Alimentarnos saludablemente puede ayudar a que nos sintamos mejor. Comer sano y equilibrado mejora la salud y el bienestar mental, pues repercute en la salud general y, por tanto, en la salud mental. Diversos estudios han encontrado que comer alimentos ricos en ácidos grasos omega-3 (sardinas, truchas o frutos secos) reduce los síntomas de la depresión, lo mismo que los contenidos en la dieta mediterránea (basada en el consumo de verduras y legumbres, fruta, pescado, pasta, arroz, frutos secos, aceite de oliva y vino, con moderación). Por otra parte, los alimentos y las grasas transgénicos (como las galletas, el pan y los refrescos) pueden favorecer los síntomas depresivos, además de que propician el aumento de peso.

 

4. Tener pasatiempos y vida social

Rodearse de buenos amigos, acudir a eventos sociales y practicar los pasatiempos que nos gustan resulta muy eficaz para tener una vida más plena y estar menos propensos a sufrir depresión. Estudios realizados en Japón, el país con mayor índice de envejecimiento, han demostrado que las personas que realizan ejercicio físico regularmente, se alimentan con una dieta saludable y disfrutan sus pasatiempos favoritos, son más felices y menos propensas a sufrir depresión.

 

5. Dormir lo suficiente

Dormir de manera adecuada es fundamental para nuestro bienestar emocional. Perturbar los ritmos circadianos —el reloj biológico humano que regula las funciones fisiológicas del organismo para que sigan un ciclo— se asocia con la depresión, y sincronizarlos nuevamente utilizando suplementos de melatonina tiene un efecto antidepresivo.

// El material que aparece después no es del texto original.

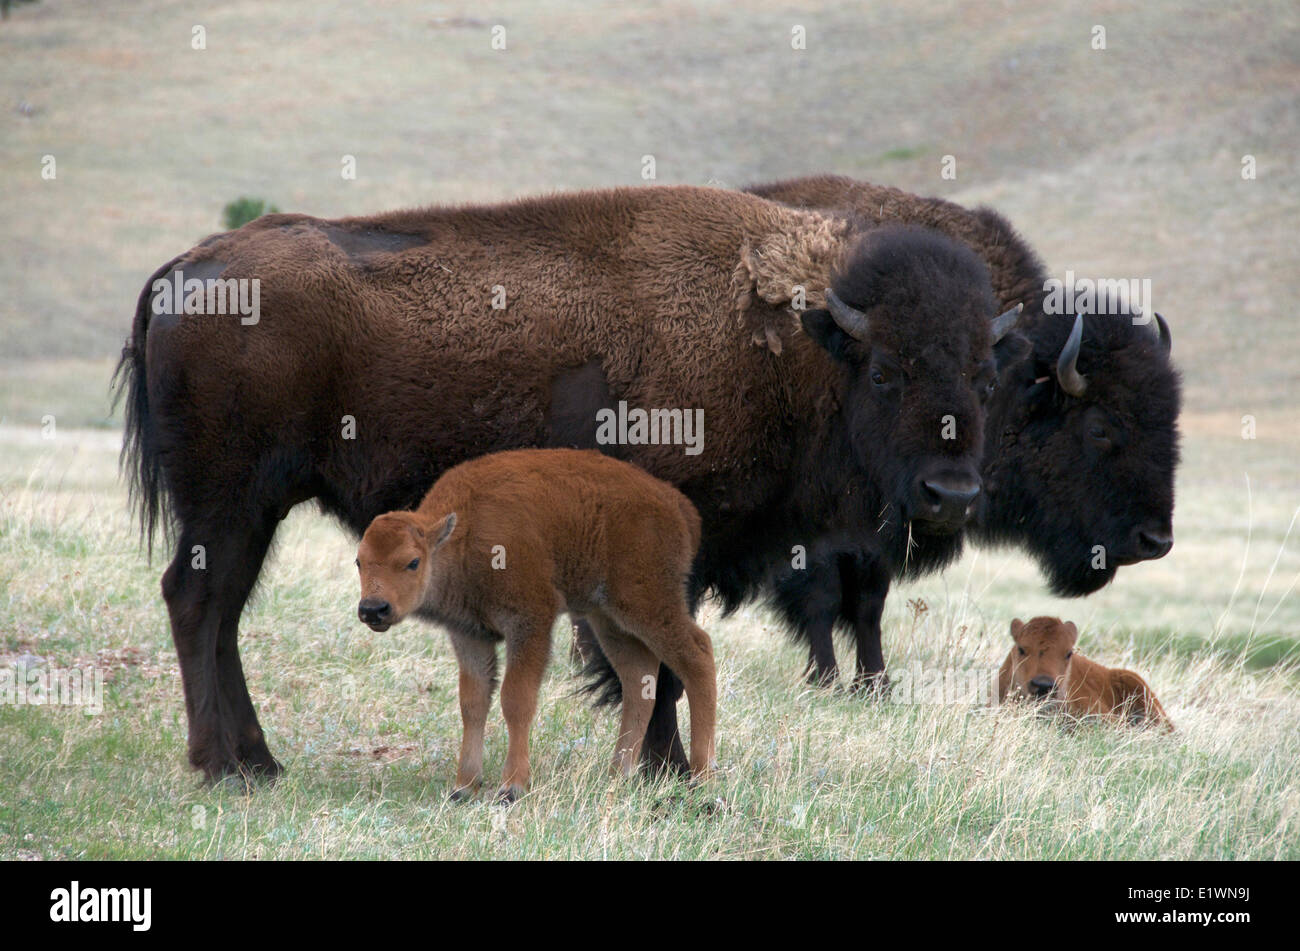 Wild bison d'Amérique (Bison bison) avec nouveau-né, le ressort du veau. Parc national de Wind Cave, Dakota du Sud, USA. Banque D'Images

Tener una rutina para dormir, es decir, ir a la cama la misma hora todos los días, contribuye a regular el ciclo del sueño, y actividades relajantes como leer o escuchar música tranquila, también son de gran ayuda. Asimismo, evitar los aparatos electrónicos al menos una hora antes de dormir contribuye a un sueño relajado y, por lo tanto, a mayor bienestar emocional.

 


 * Maestra en psicología clínica por la Universidad Iberoamericana.